# Provided material:
============================================================

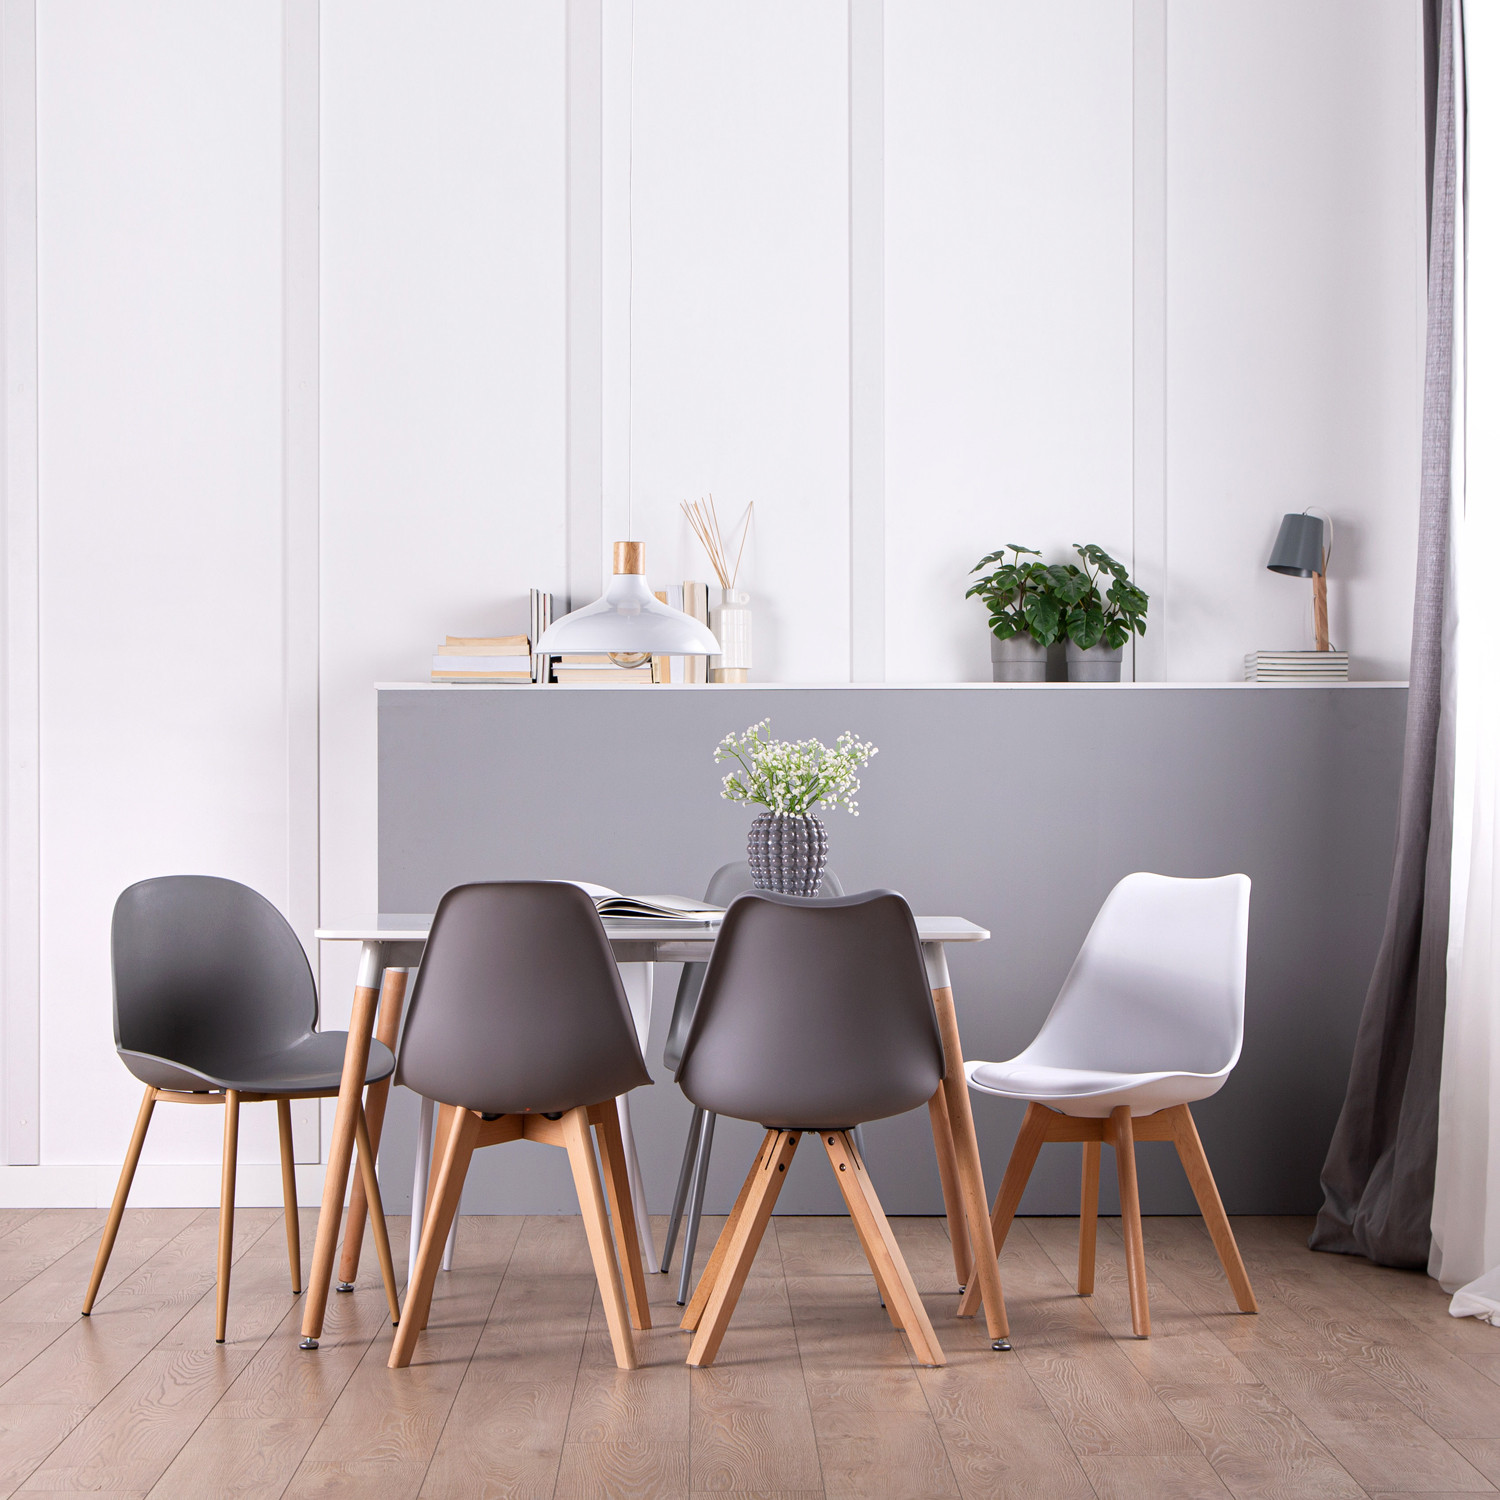 La mesa de comedor rectangular Gless es de estilo nórdico y minimalista. Se convierte en la elección segura si eres un apasionado del diseño escandinavo y tienes un espacio reducido. De líneas rectas
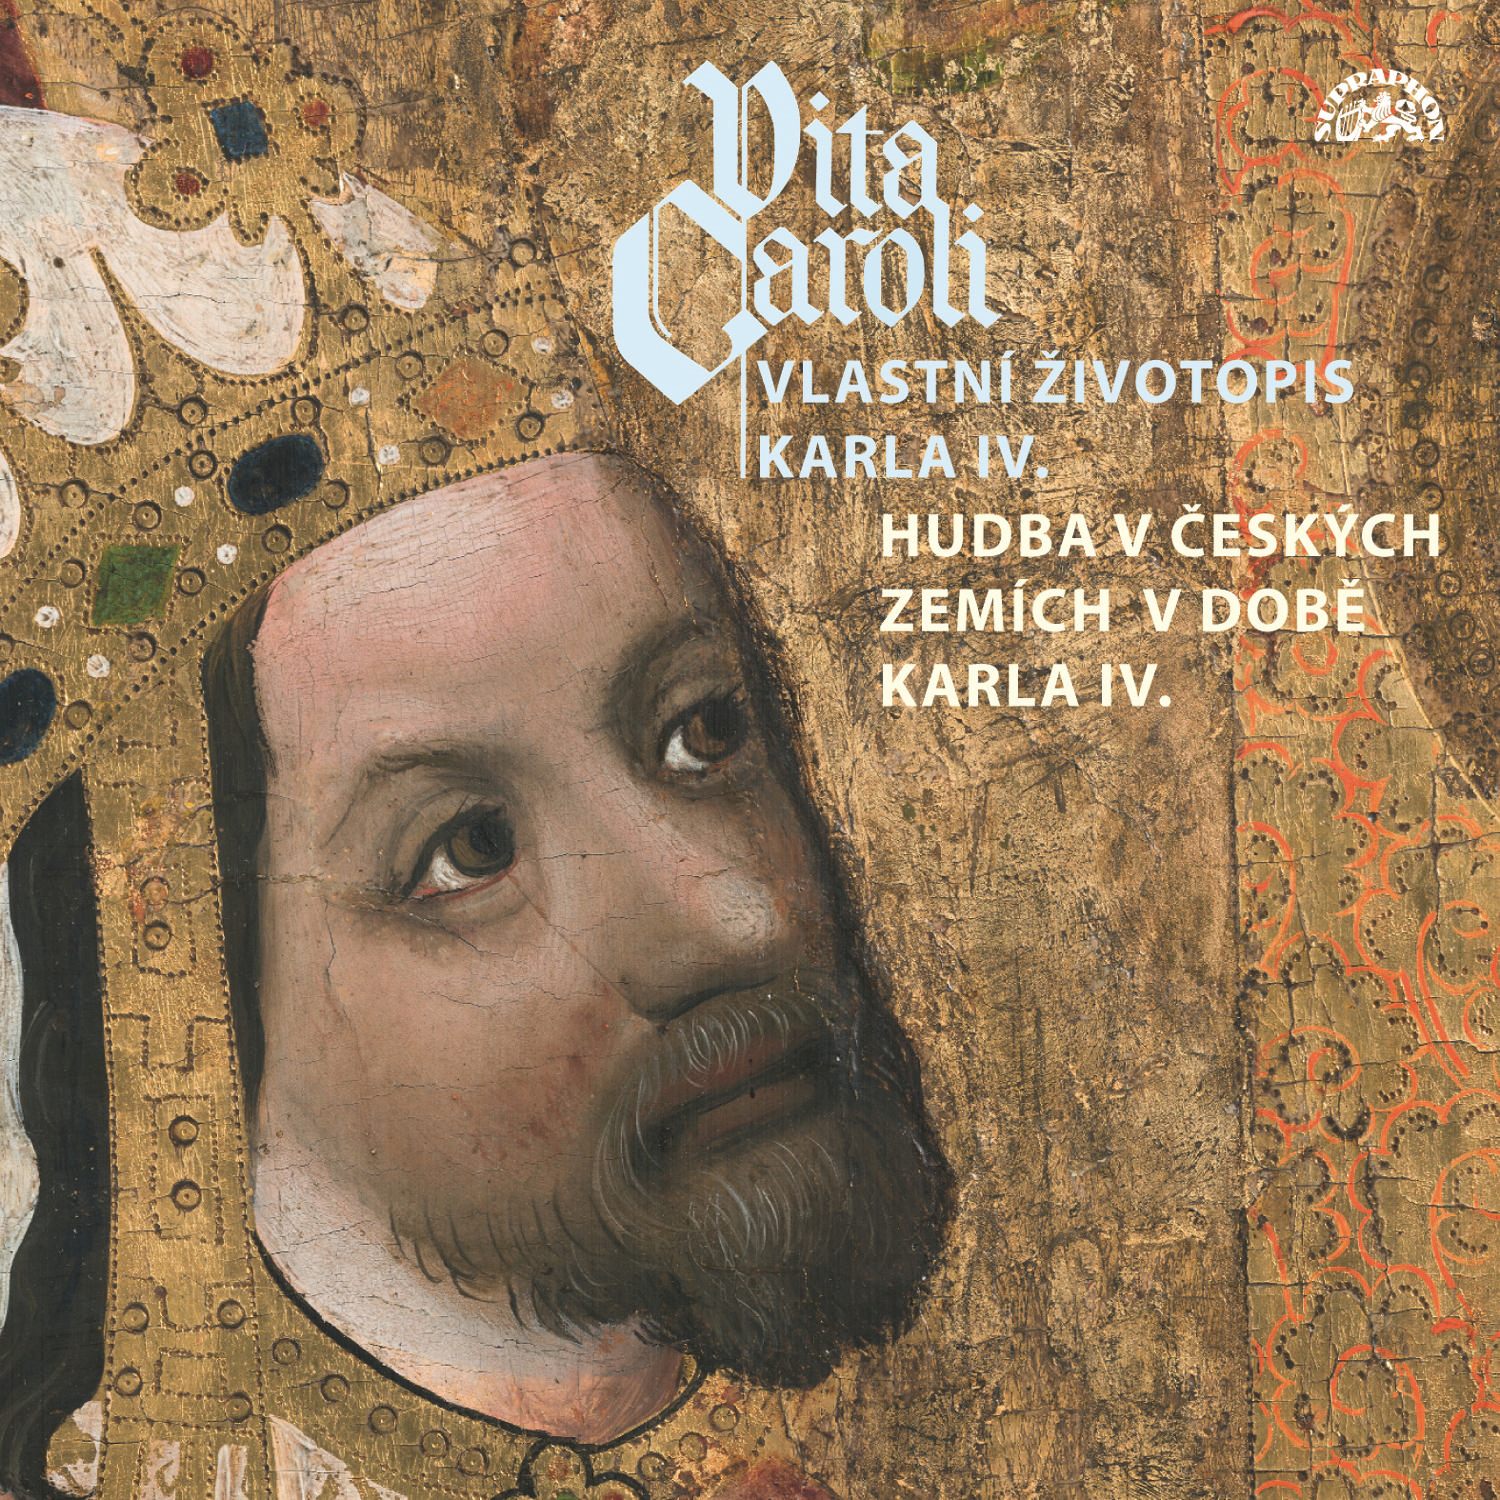 CD Shop - VARIOUS VITA CAROLI - VLASTNI ZIVOTOPIS KARLA IV. + HUDBA NA DVORE KARLA IV.
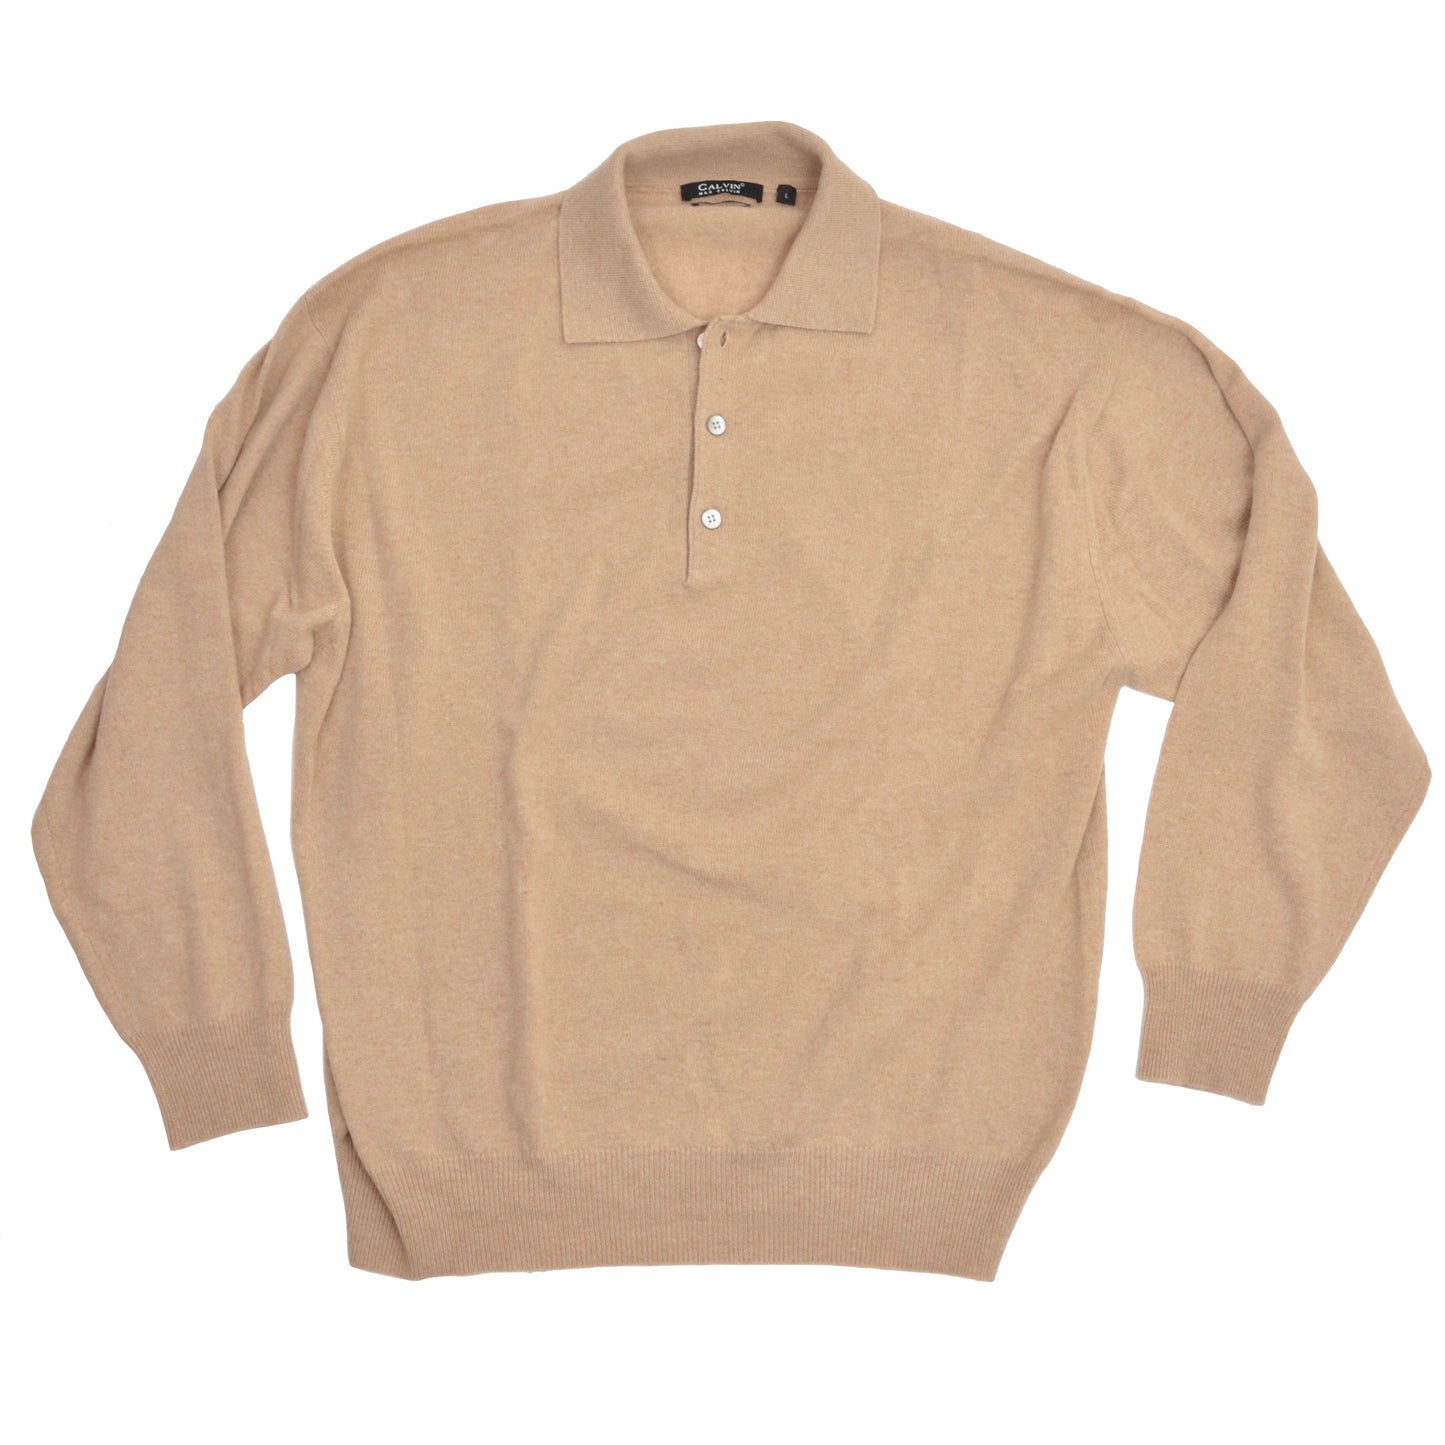 Max Calvin 100% Cashmere Polo Sweater Size L - Beige/Tan

============================================================

# What the task requires:
Copy the listing exactly. Any image in it stays out of the copy.

# Expected output:
 La mesa de comedor rectangular Gless es de estilo nórdico y minimalista. Se convierte en la elección segura si eres un apasionado del diseño escandinavo y tienes un espacio reducido. De líneas rectas
 CD Shop - VARIOUS VITA CAROLI - VLASTNI ZIVOTOPIS KARLA IV. + HUDBA NA DVORE KARLA IV.
 Max Calvin 100% Cashmere Polo Sweater Size L - Beige/Tan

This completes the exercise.